Five years later and we’re back to that familiar phase – another chapter in the Spiderman reboot saga. This time it’s different however. Neither an origin film nor a rehash, Homecoming attempts to create an altered and fresh existence for the character based on foundations that most viewers are already acquainted with, largely succeeding at what it sets out to do.
Peter Parker’s fictional life story needs no introduction and this new film shares this sentiment. Eschewing the need for traditional superhero prefacing, Homecoming picks up right where we last saw Spiderman, after the classic Battle Royale in Civil War, with Peter anxious to be asked to go on another Avengers mission. But the tribulations of teenage life bear heavy. Desperate for acceptance at his high school and balancing his superpowers while yearning to do some good in his neighbourhood, he inadvertently stumbles upon a new breed of criminals who salvage alien technology left over from the first Avengers film for petty crime.

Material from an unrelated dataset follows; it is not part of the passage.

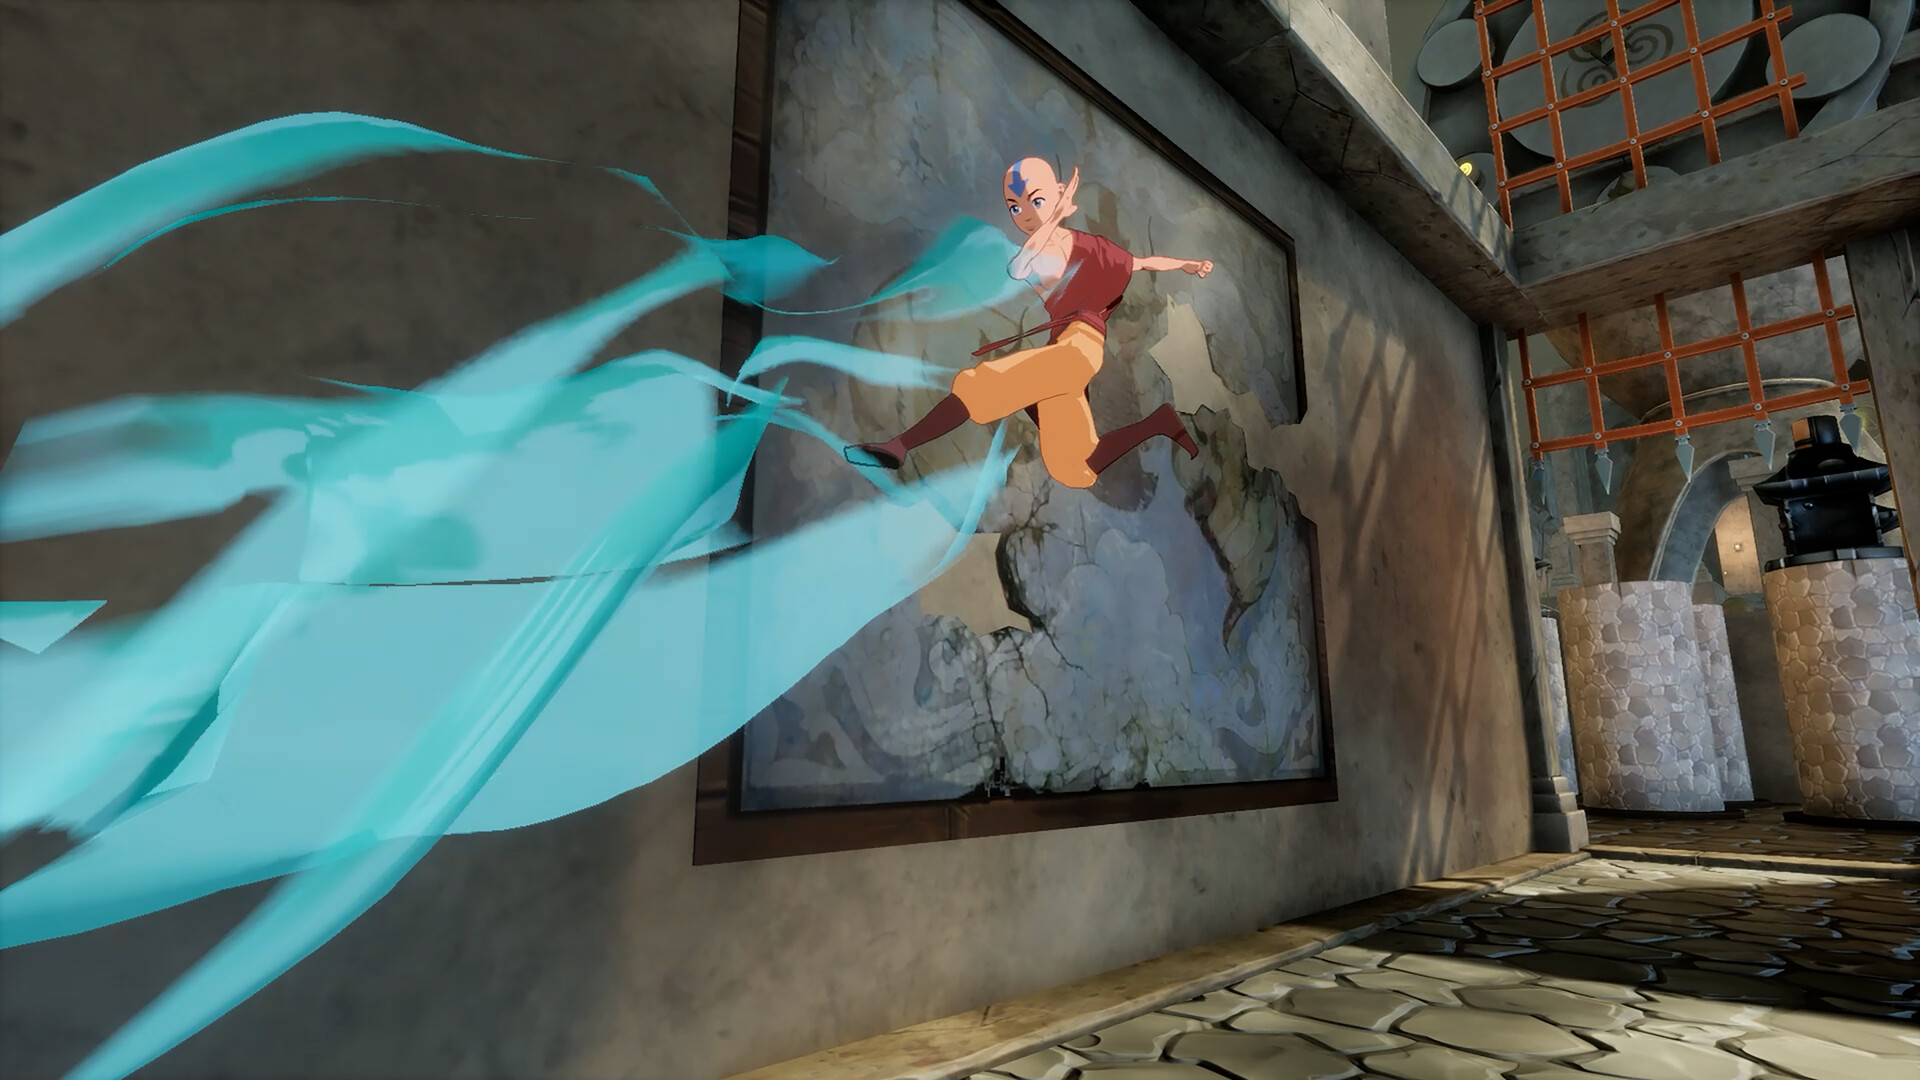 Avatar: The Last Airbender: Quest for Balance será lançado em 22

Watching Peter trying to find firm footing as an aspirational hero while being a school kid is where the film finds itself succeeding in comparison to the last abortive revival. Possessing a distinctly unique, John Hughes coming of age vibe to it, the arrangement is more Spiderboy than Spiderman with a lot of time devoted to Peter’s nerdy, unsure school shenanigans. The film flirts with the idea that Peter feels he may find the acceptance he craves if he allows his alter ego to step into the limelight and takeover but this setup starts to strain for a few reasons.

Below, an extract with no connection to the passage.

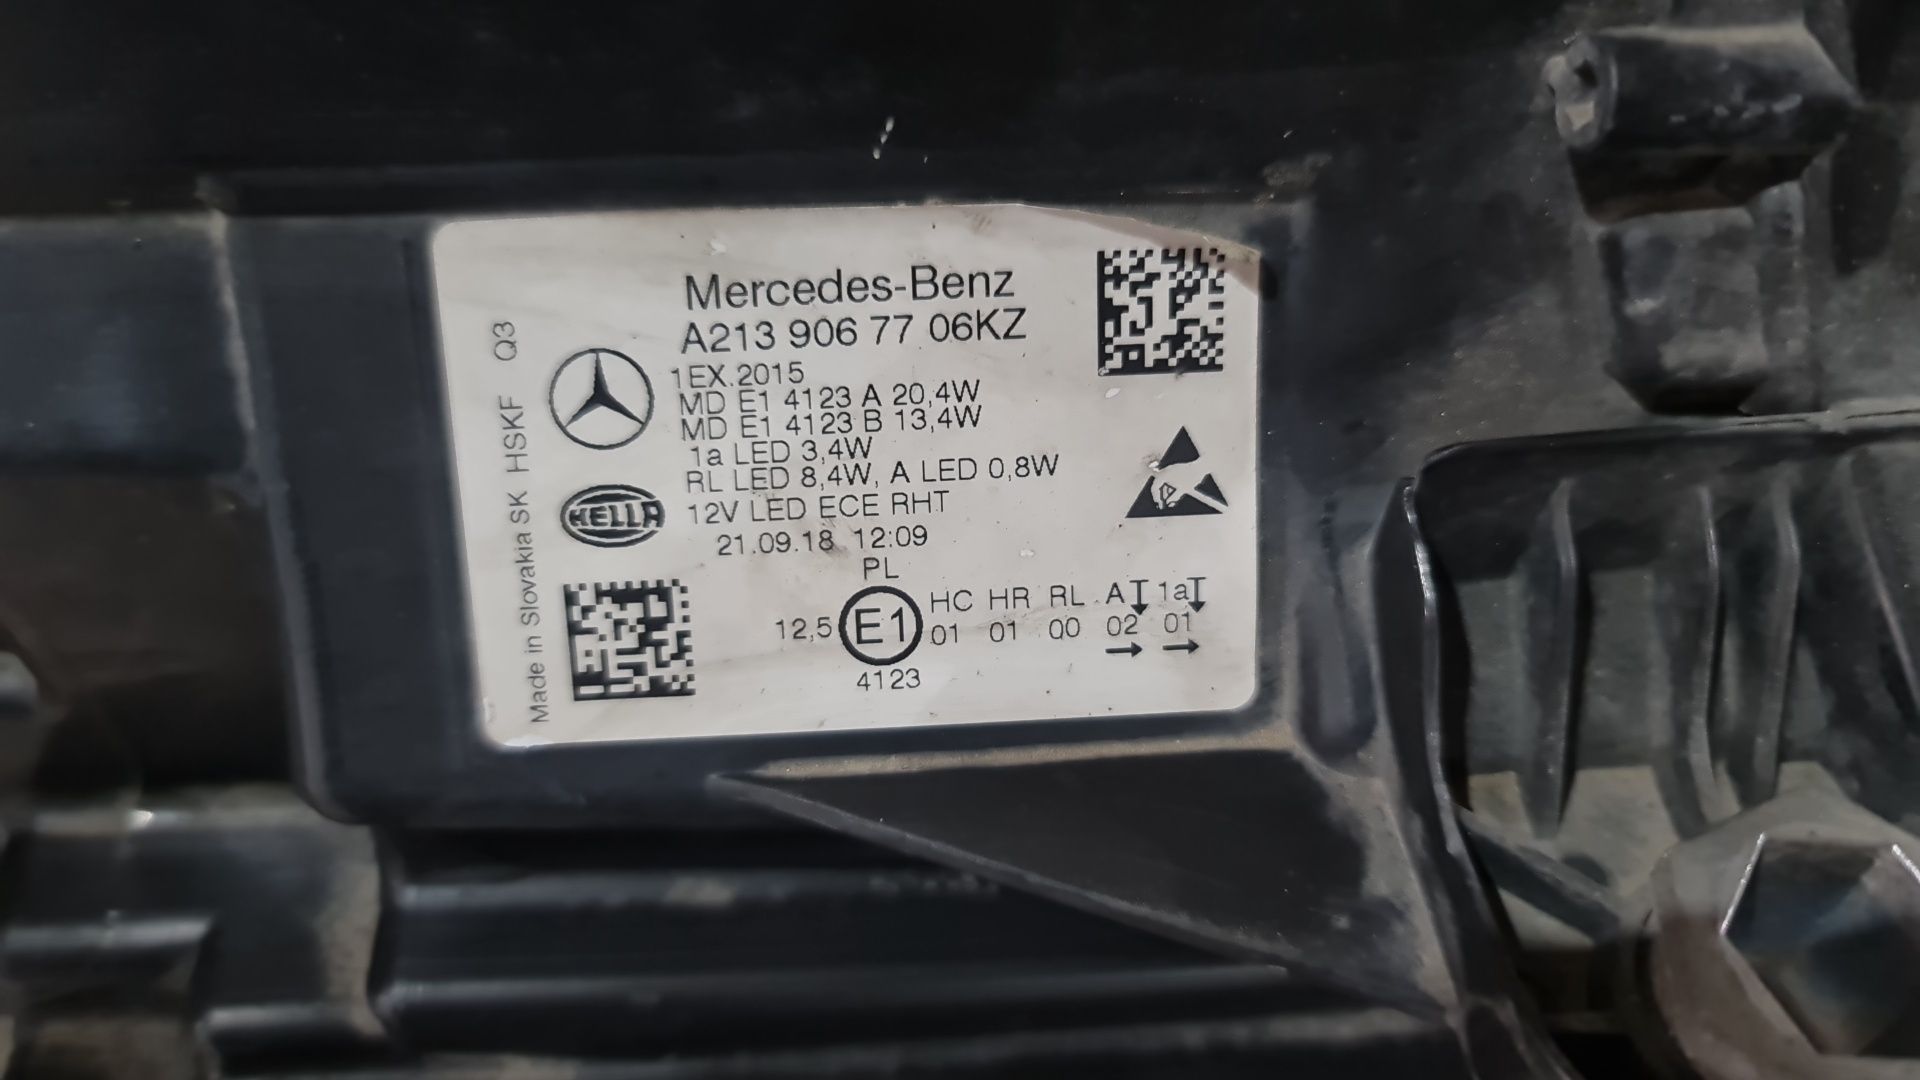 Far stanga Mercedes E Class W213 Led Hight Performance A2139067706

Firstly because of the sheer number of characters that are introduced, especially those from his class. Some are obviously required to build the requisite dilemma and conflicts (school love interest, personal adversary) but others, like Michelle, an oddball classmate, add absolutely nothing to an already overcrowded narrative, detracting from the focus on Peter or even his Aunt May. This leads to the second shortcoming – the YA connection. If you think about it, even as comics, the Spiderman stories were aimed at this demographic well before marketeers knew how to exploit this niche. Though this gives Homecoming its youthful exuberance and preppy sense of fun, its hard not to recognise the shrewdly calculated precision of it all which stops it short of taking any real risks.
This doesn’t undermine the film overall achievement even if fanboy/internet speculation and associated early hyperbole has largely focused on trying to determine how good Tom Holland is as Spiderman (very good and uniquely so). The characters brand of talkative humour, even in the thick of peril (remember the scene-stealing in Captain America Civil War?) seems fresh and effervescent. Sam Raimi never even attempted this and when Mark Webb did, it mostly backfired. Michael Keaton as the antagonistic Adrian Toomes is a villain driven by motivations that are human, almost reasonable, even if his methods aren’t. As the Vulture, his is probably the best onscreen Spiderman villain after the seminal Doc Ock and his confrontations with the webslinger results in action sequences that clearly distinguish themselves from other large-scale murky genre attempts. All of this reinforces what the title foretells; Marvel, working for the first time as a Studio on its flagship superhero, has now taken control. Their most recognisable commodity has finally come back to its rightful home.